_DATA EXCERPT_:
:::

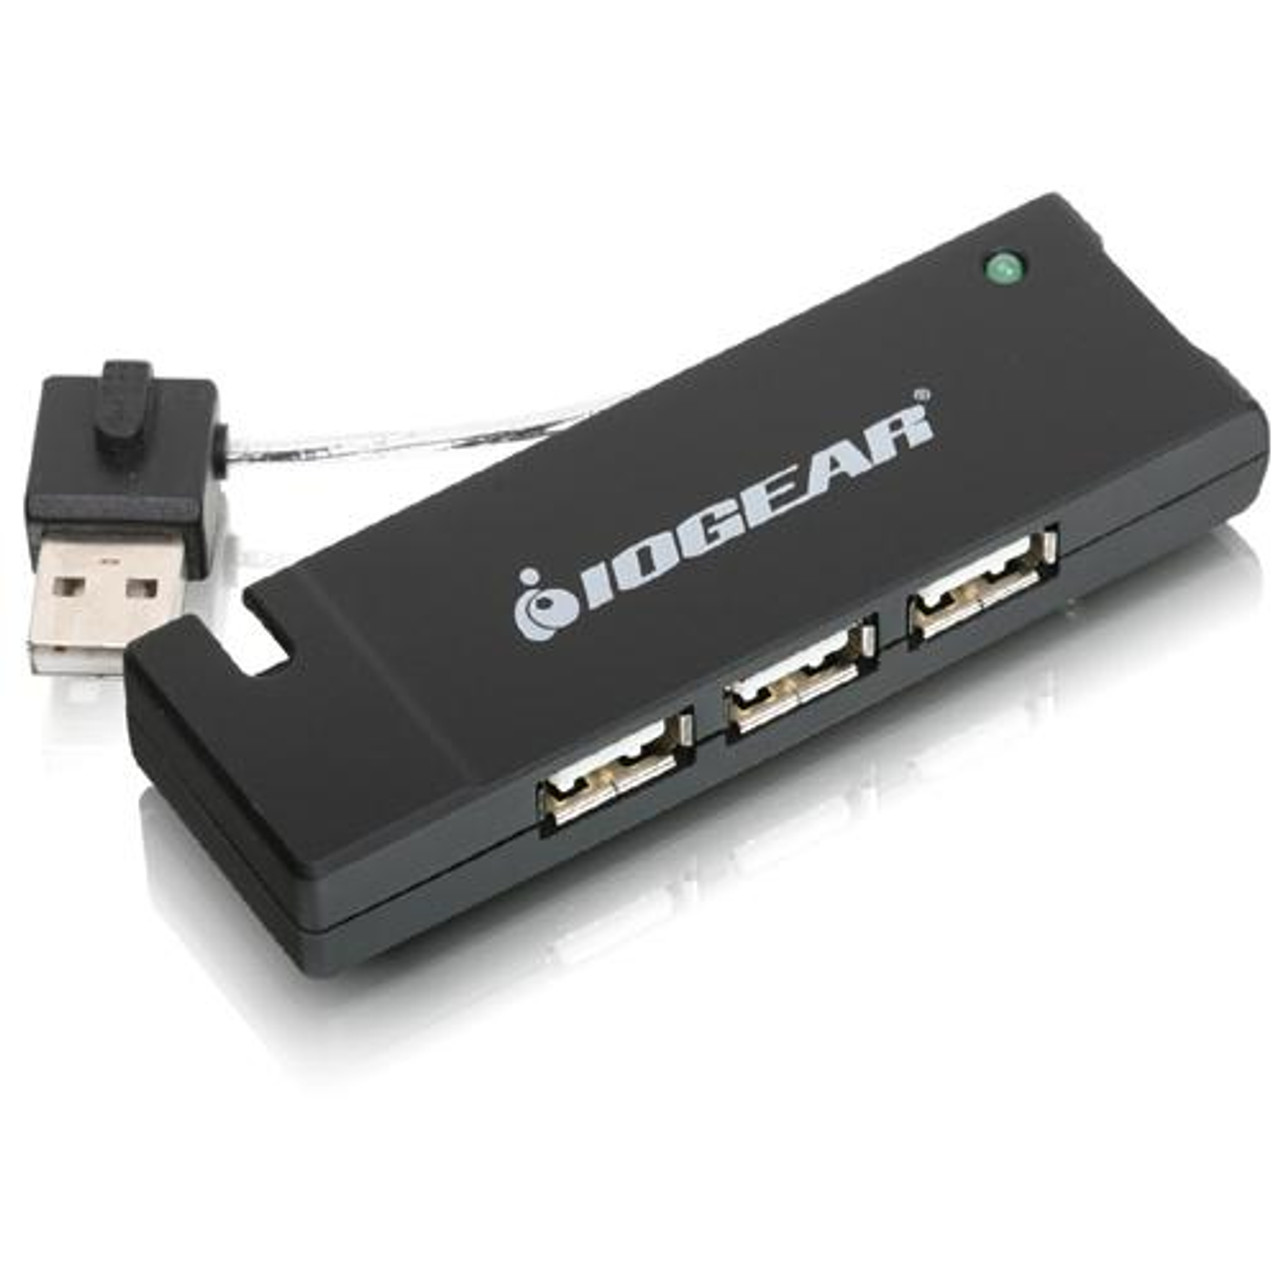 GUH285TD12 IOGEAR 4-port Hi-Speed USB 2.0 Hub 4 x 4-pin Type A Female USB 2.0 External
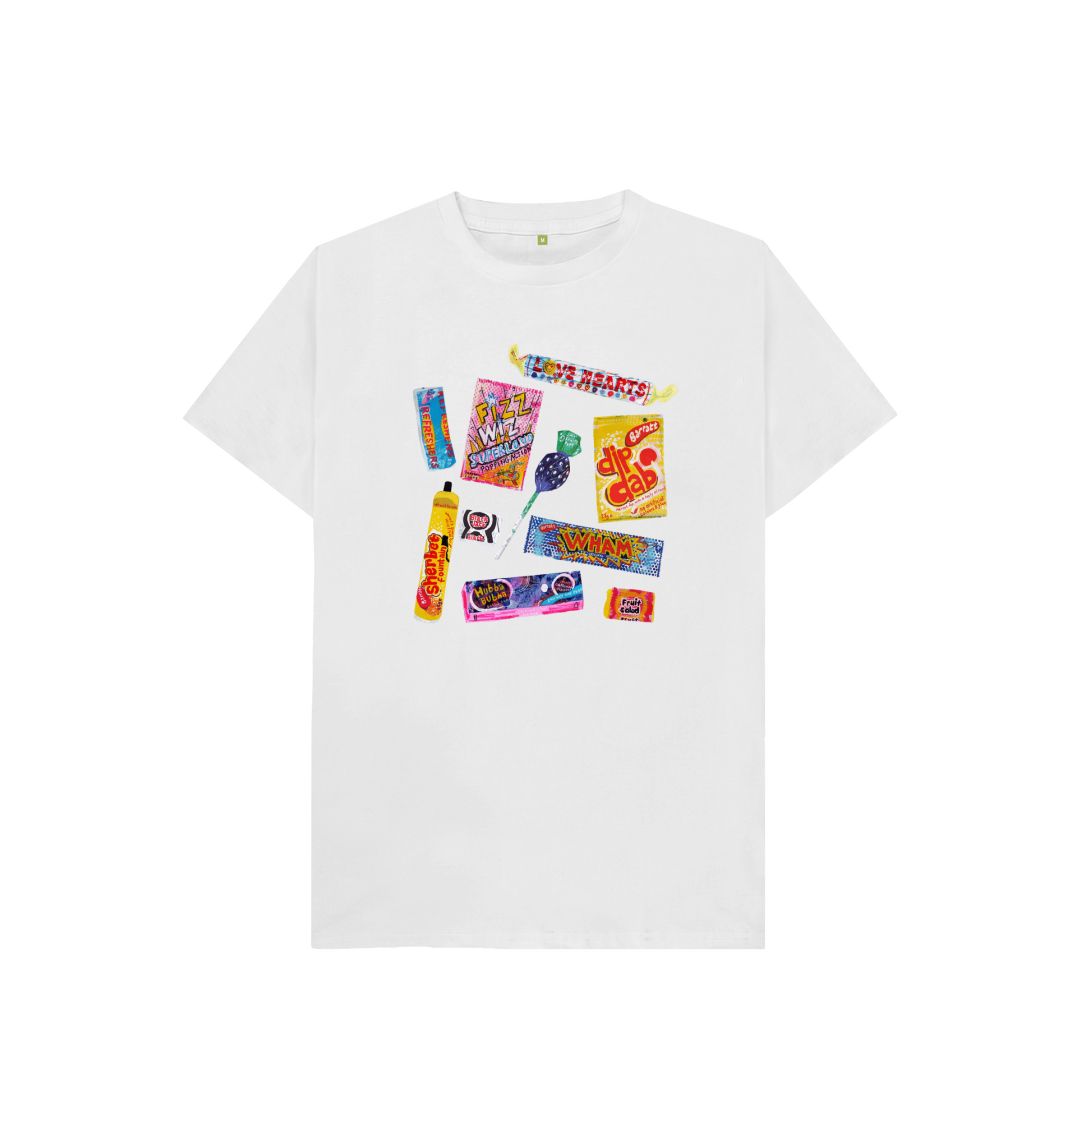 after school feast organic kid's tee - Printed Kids T-Shirt - Sarah Millin
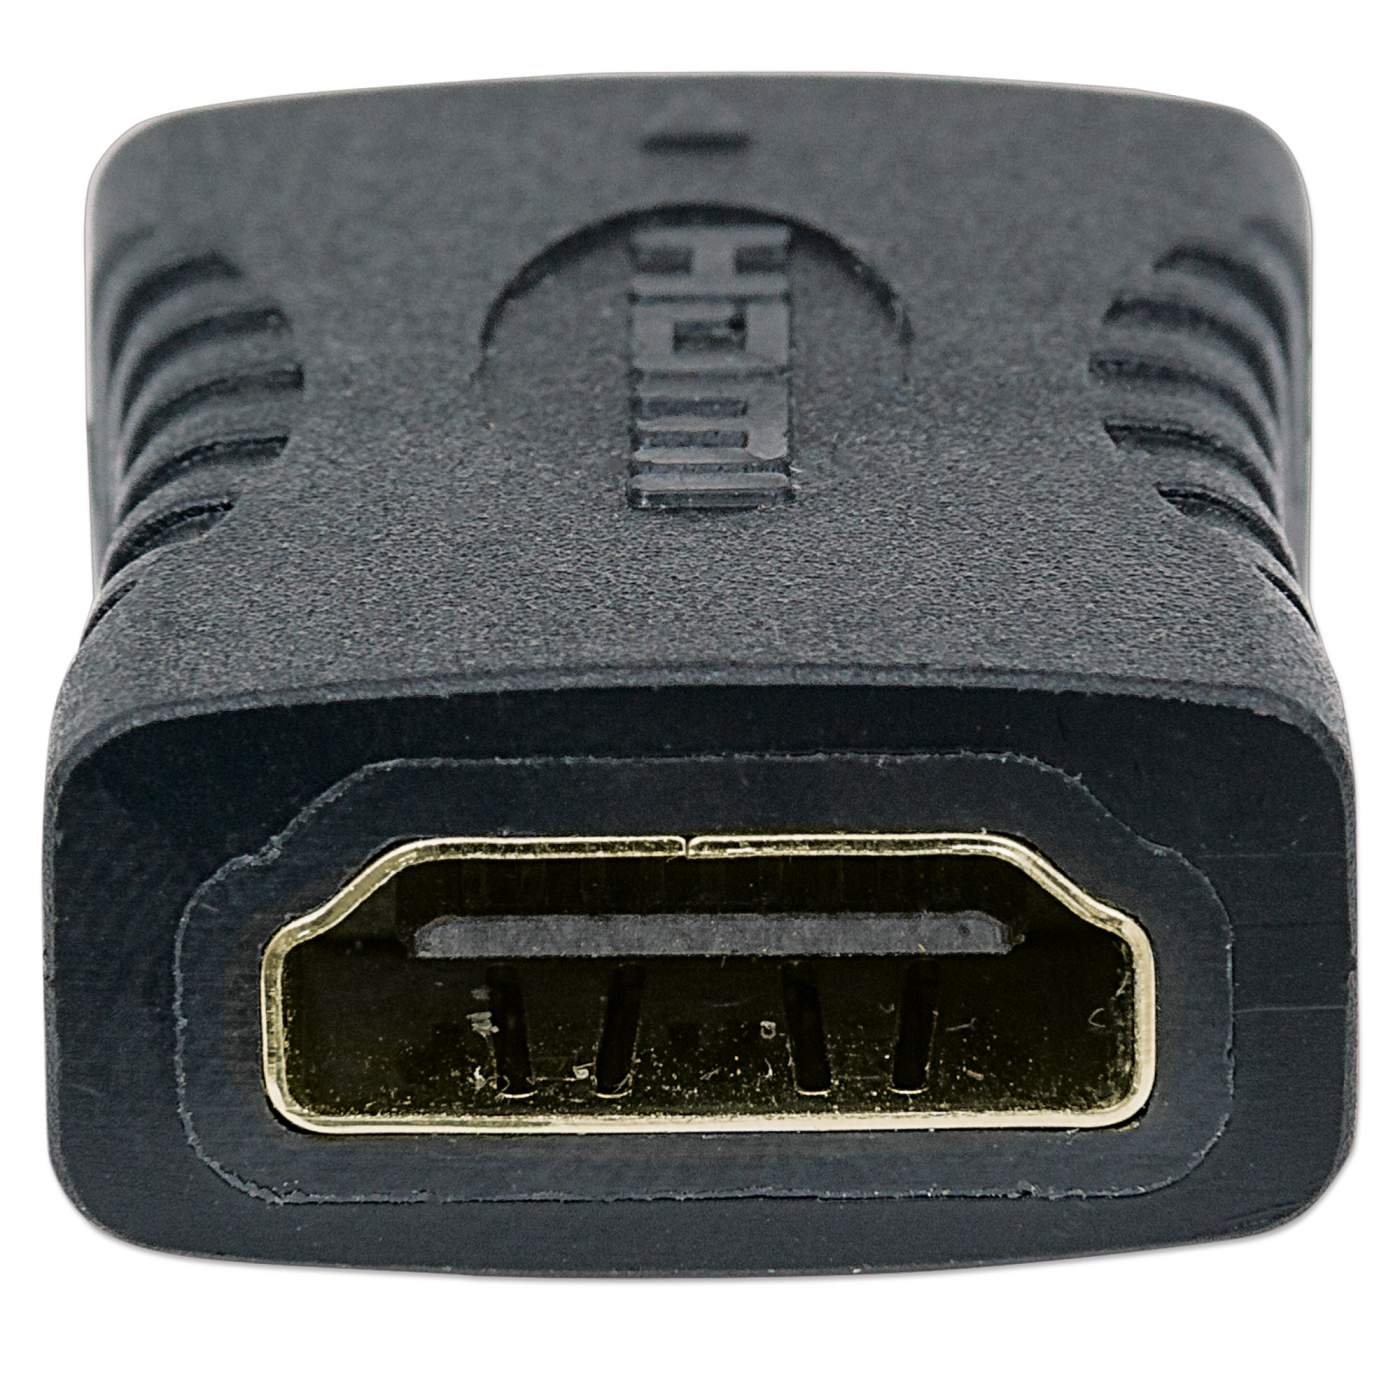 HDMI Coupler Image 7
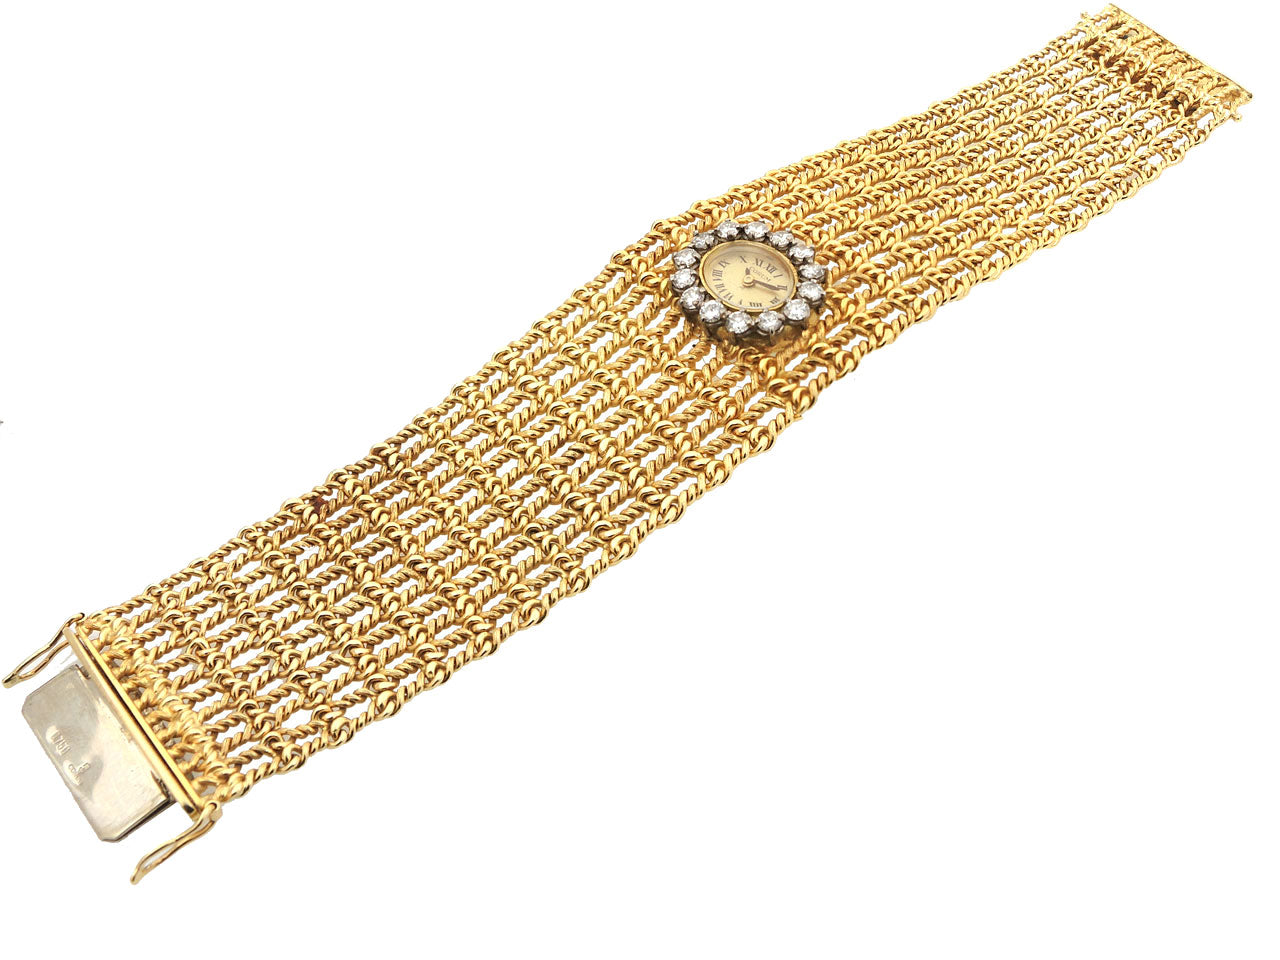 Vintage Corum Ladies Diamonds Watch in 18K Gold

:::

_REQUIREMENT_: Set down the data above verbatim, omitting every image.

_YOUR SOLUTION_:
 GUH285TD12 IOGEAR 4-port Hi-Speed USB 2.0 Hub 4 x 4-pin Type A Female USB 2.0 External
 after school feast organic kid's tee - Printed Kids T-Shirt - Sarah Millin
 HDMI Coupler Image 7
 Vintage Corum Ladies Diamonds Watch in 18K Gold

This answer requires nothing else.